Раиса Ивановна Островская в нашем городе известна многим. А знает она, кажется, — почти всех. Более 50 лет проработала она в 14-м отделении ВНИИЭФ. Раиса Ивановна – очень интересный собеседник, она помнит наш город таким, каким он мало кому известен.
Я коренная саровчанка. Родилась 25 апреля 1944 года, можно сказать, в келье Саровского монастыря. Сами роды, конечно, были в больнице на Маслихе, а потом меня уже принесли в эту келью. Северная сторона Успенского собора смотрит на наш подъезд, он первый от угла, если углом считать бывший телефонный узел, ныне помещение духовно-научного центра монастыря.
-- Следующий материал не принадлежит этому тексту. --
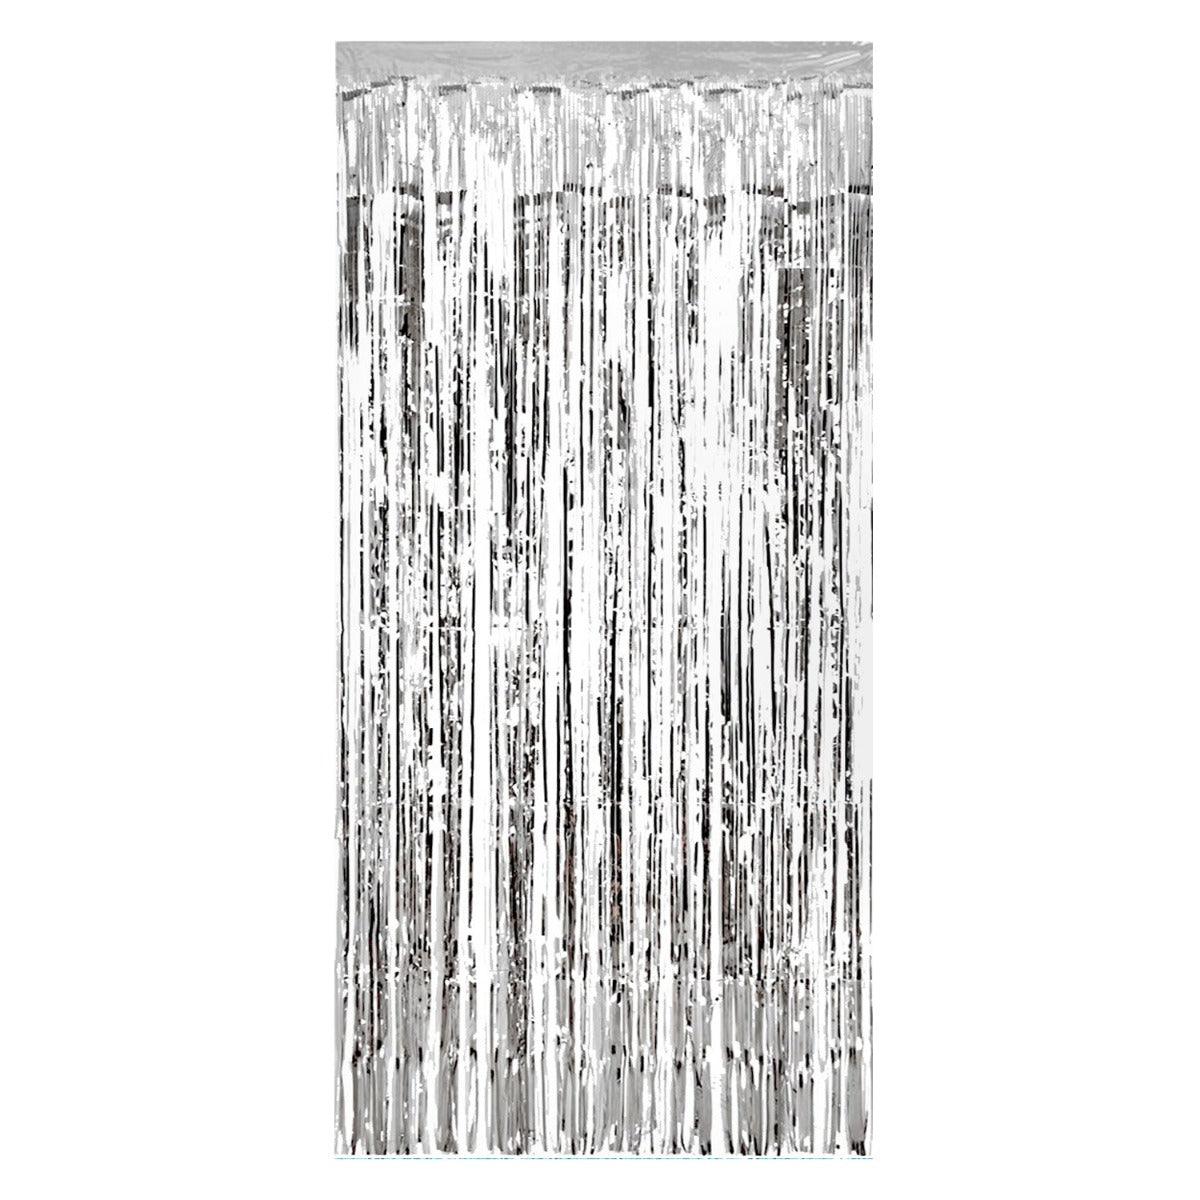 PartyCorp Big Silver Foil Curtain Fringe Set, 1 Pack

Мои дед и бабушка по материнской линии жили в селе Круглые Паны [В Дивеевской районе]. И деда сюда направили, он закончил три класса церковно-приходской школы, и по тем временам считался грамотным. Его пригласили работать водителем на пожарке, это было до войны, тогда в Сарове ещё была колония. Звали его Куражёнков Иван Семёнович.
Всё время — и до войны, и после — наша семья жила в одной и той же келье.
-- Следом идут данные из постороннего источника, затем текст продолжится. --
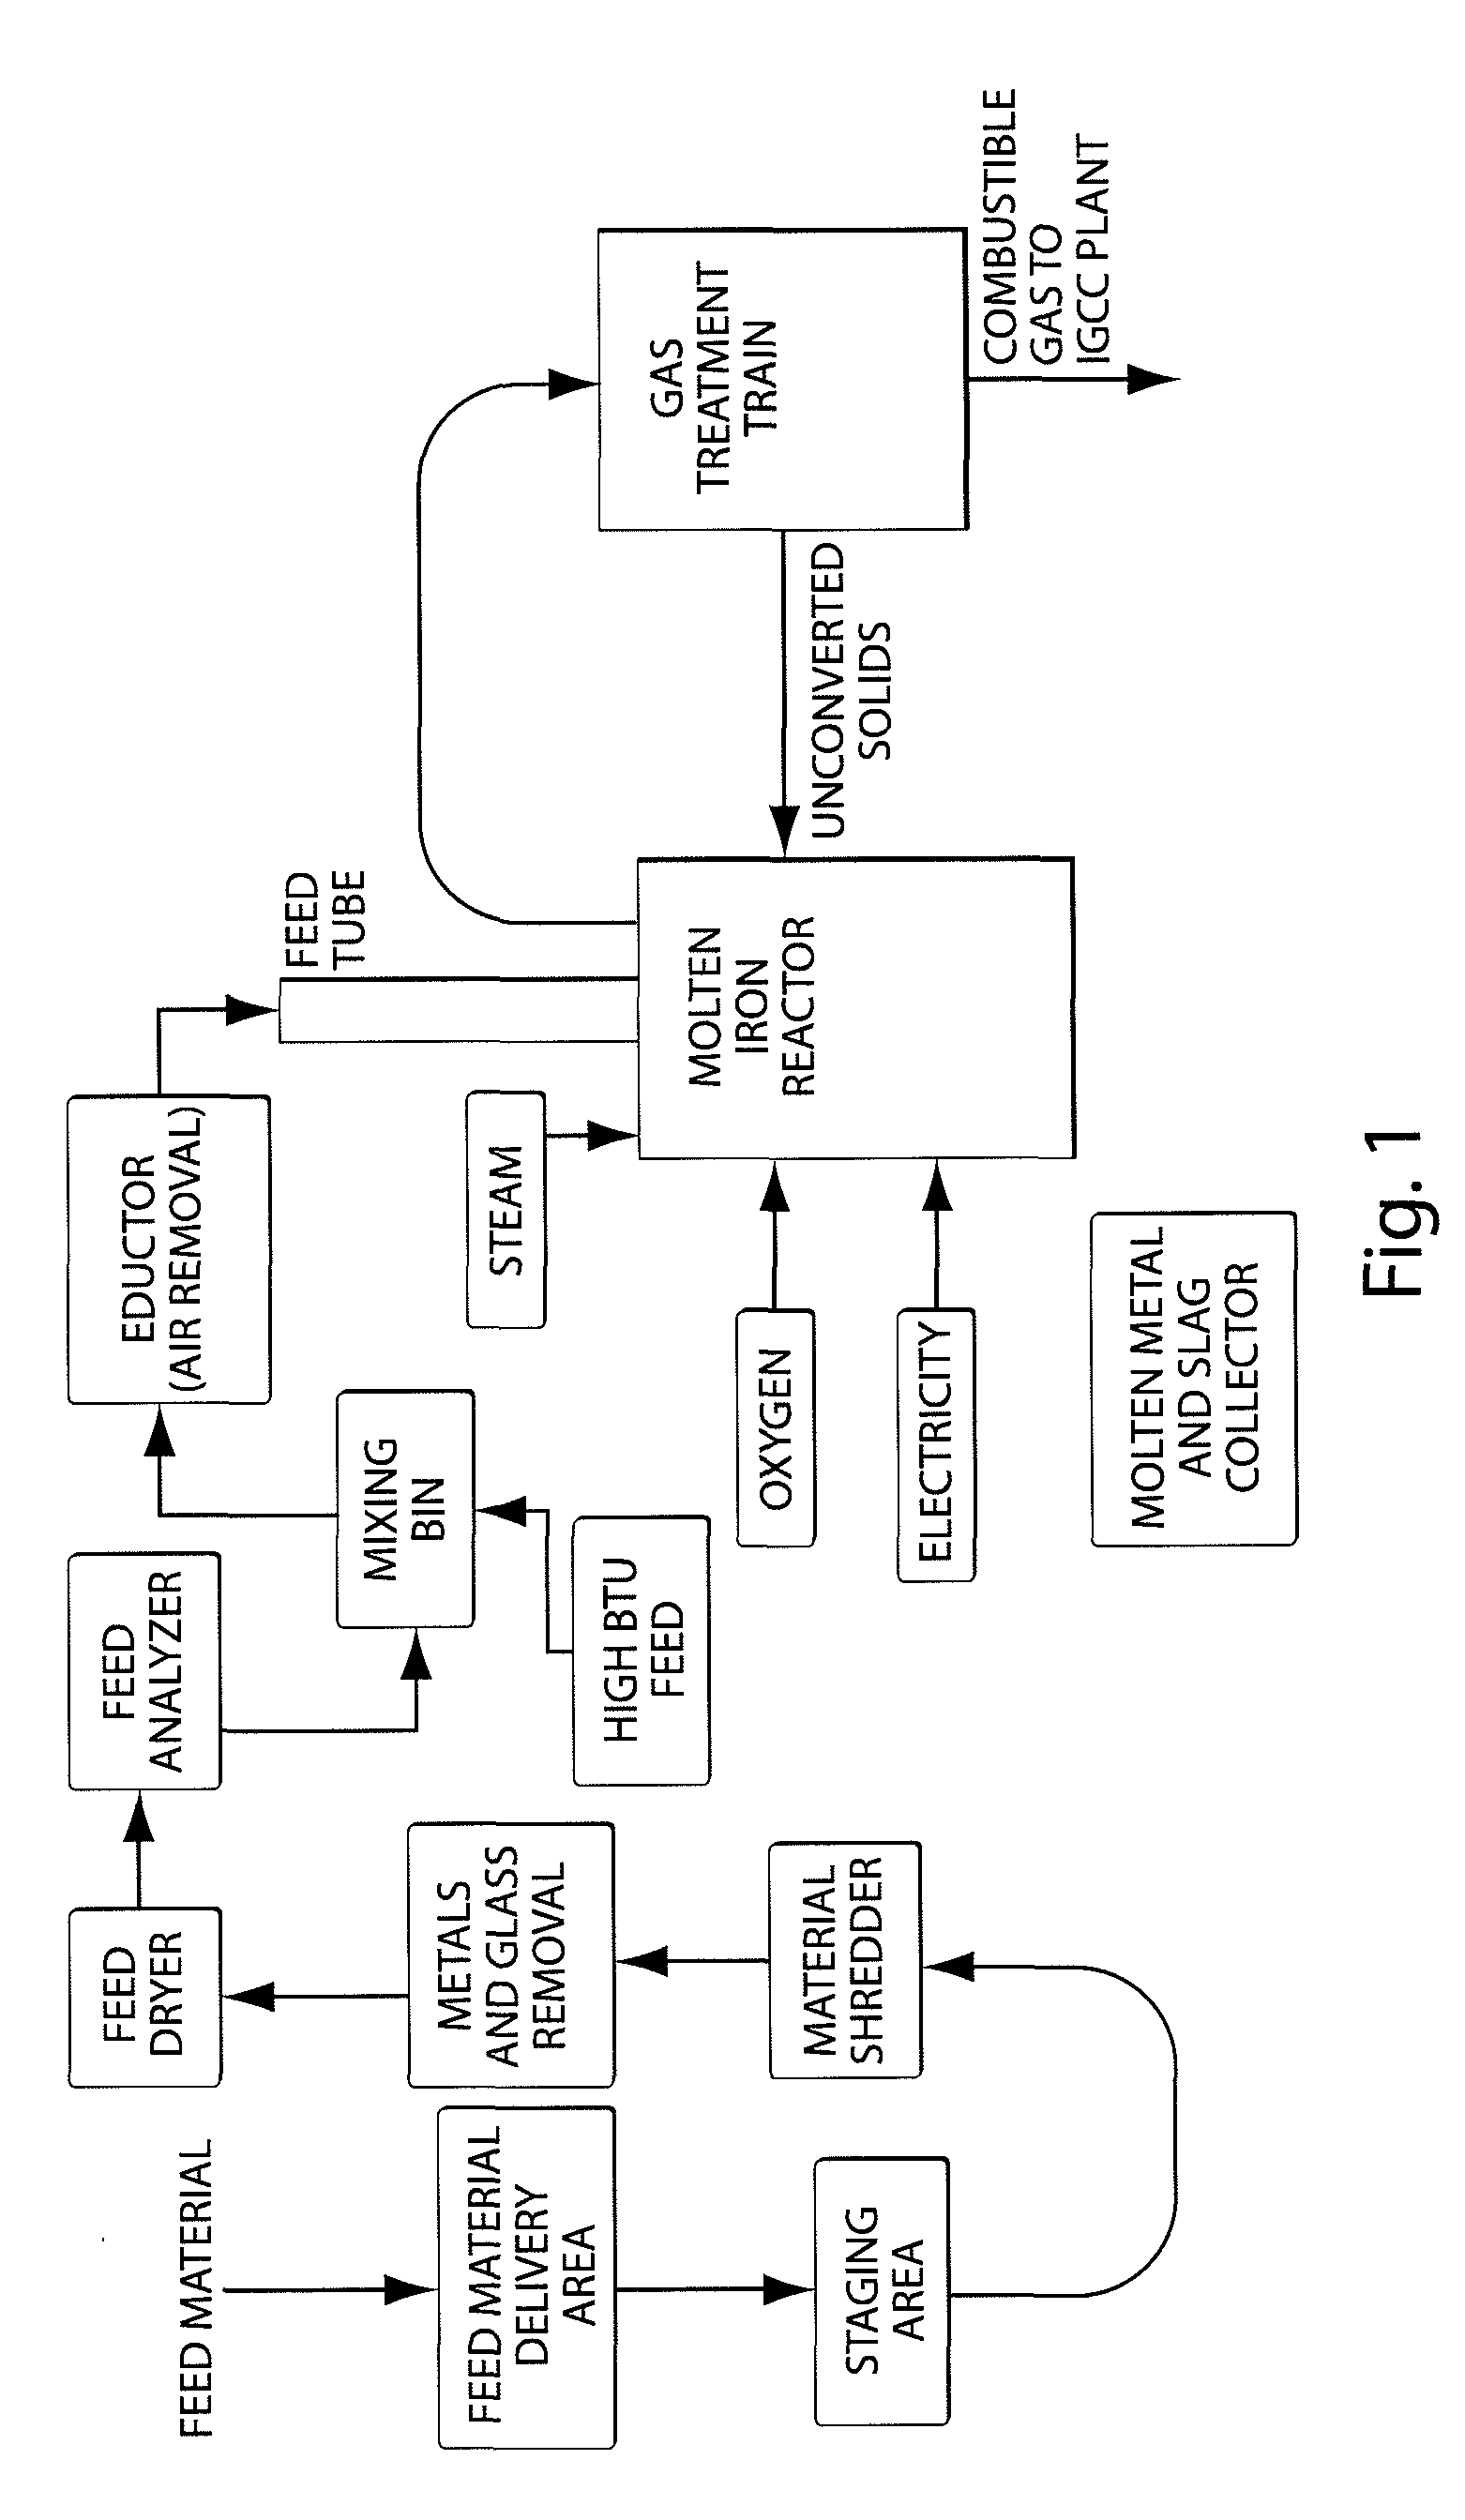 Method for controlling syngas production in a system with multiple feed materials using a molten metal bath

Моя мама ещё видела приходивших в Саров паломников, их раньше называли странниками. Их принято было уважать и им помогать. Так, со слов мамы, в 1937 году пришла одна странница из Киева пешком. Иногда только, говорила, её на подводе подвозили. Принимали её мои бабушка и дедушка. Странницу уложили переночевать, накормили. Говорила по-украински, не всё было понятно. Утром женщина прошла по монастырю, храмы в то время уже не работали. Бабушка водила её, показывала, рассказала, что знала. На следующий день бабушка собрала ей еду в дорогу, и странница пошла в обратный путь, бабушка проводила её за башню, до моста, поклонившись ей в пояс. Помочь страннице бабушка считала богоугодным делом.
Моих брата и сестру крестил батюшка в 46 году, ещё зоны вокруг города не было. Крестил украдкой от отца, отец был атеист. Он их покрестил, а рядом мужики в домино играли, и батюшка сел играть с ними. Бабушка сказала: грех на нём, но молитву он читал правильную.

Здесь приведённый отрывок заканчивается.